I'm conducting a MLM analysis using proc mixed. The level 1 variables are dummy coded variables for grade comparisons (Dummy_FS=freshmen vs seniors; Dummy_SS= sophomores vs seniors; Dummy_JS = juniors versus seniors). Note that some institutions do not have freshmen, others do not have sophomores and others do not have juniors.
I requested the solutions for random effects and for some institutions I got zero estimates for some of the dummy variables. Those zero estimates correspond to those institutions that do not have information available to compute those estimates. For example, looking at the attached table, Institution 372 do not have juniors nor sophomores, hence the zero estimates in Dummy_FS and Dummy_SS.
My question is: what does the zero estimate mean? Specifically, I'd like to know if those institutions with no information in specific comparisons, are being considered in the overall estimation of the random slopes or if they are not being considered in the estimation. How should I interpret the zero estimates and the standard error of prediction for those institutions?
It would be helpful to see your code and your dataset (or if your data cannot be shared, a dataset that closely resembles yours and provides similar results).
Why are you concocting your own dummy variables for the grade factor rather than using the CLASS statement?
@MOA wrote:
Specifically, I'd like to know if those institutions with no information in specific comparisons, are being considered in the overall estimation of the random slopes or if they are not being considered in the estimation.
Random slopes of what? You haven't mentioned the model you are fitting or any other variables that are being used.
As the other respondent said, we really need to see your code.
I'm computing a MLM model with the three dummy variables as level 1 variables. I'm computing the fixed effects and random slopes for the dummy variables. Here's the code:
proc mixed data= MLM_grade method = ml covtest ;
class inst_ID ;
model dv = Dummy_FS Dummy_SS Dummy_JS / solution;
random intercept Dummy_FS Dummy_SS Dummy_JS / subject = inst_ID s;
run;
I used dummy variables instead of the class statement since I am comparing the results across different programs (Mplus, SPSS, HLM). Attached is the data.
I'll assume it is your intent to compare the mean DV across four grades, or to compare the first 3 means (freshman, sophomore, junior) to the fourth (senior).
Grade is categorical. Although it is true that ANOVA is equivalent to regression on a set of dummy variables, I don't think random slopes for dummy variables make any sense.
If you want to compare estimates of mean DV by grade across software packages, it does not matter how grade is coded; any coding system will give you the same means. If you want to compare parameter estimates, then you will need to use similar coding systems. By default, the MIXED procedure uses the last level as the reference level, but you can control that using the REF= option on the CLASS statement.

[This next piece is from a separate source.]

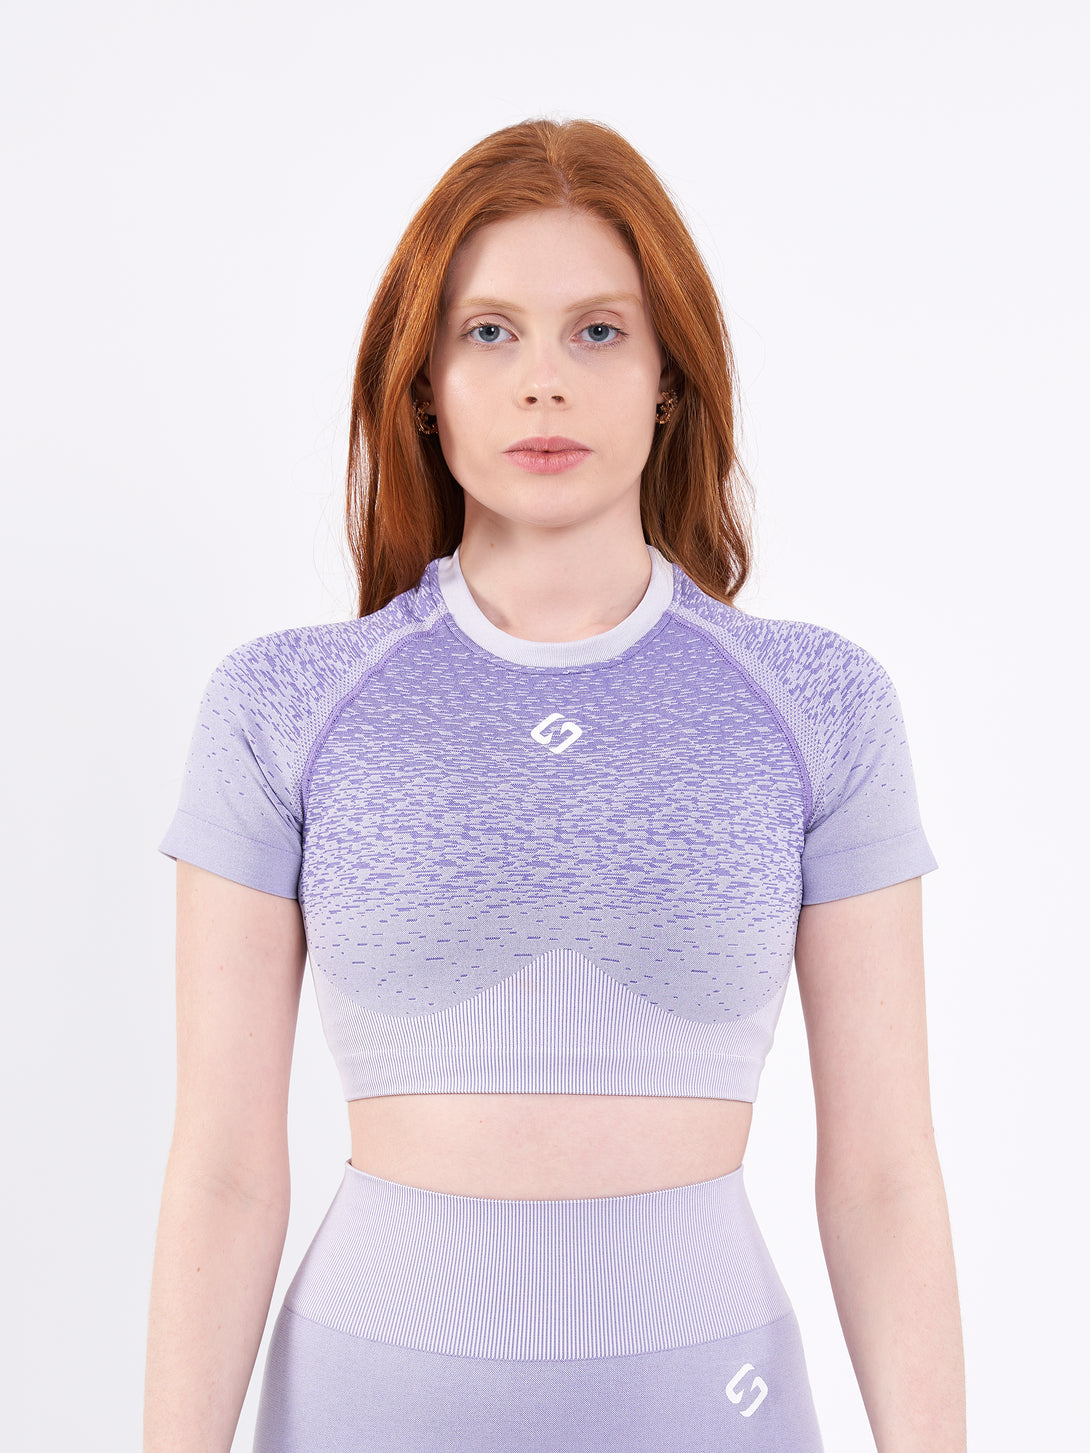 A Woman Wearing Paisley Purple Color Seamless Crop Top with Ombre Effect. Chic Comfort

Assuming that multiple observations (students?) for each level of grade within the same inst_ID are subsamples and are not independent, I suggest this code:
proc mixed data= MLM_grade method = ml covtest ;
class inst_ID grade;
model dv = grade / solution;
random inst_id inst_id*grade / solution;
/* pair-wise comparisons among grades */
lsmeans grade / pdiff adjust=simulate(seed=123) ;
/* comparison of each grade to control */
lsmeans grade / adjust=dunnett pdiff=control('4');
run;
An equivalent syntax for the RANDOM statement is
random intercept grade / subject=inst_id solution;
Either RANDOM statement produces an estimate of variance among inst_id, an estimate of variance among groups of students assigned to the same grade within inst_id, and and estimate of variance among students within groups (residual).
This model assumes that data are missing at random, but in fact you are missing appreciably more data on freshman and sophomore grade levels than on junior and senior. The number of students is extremely unbalanced within each inst_id and within groups within inst_id. These issues may make this model inappropriate.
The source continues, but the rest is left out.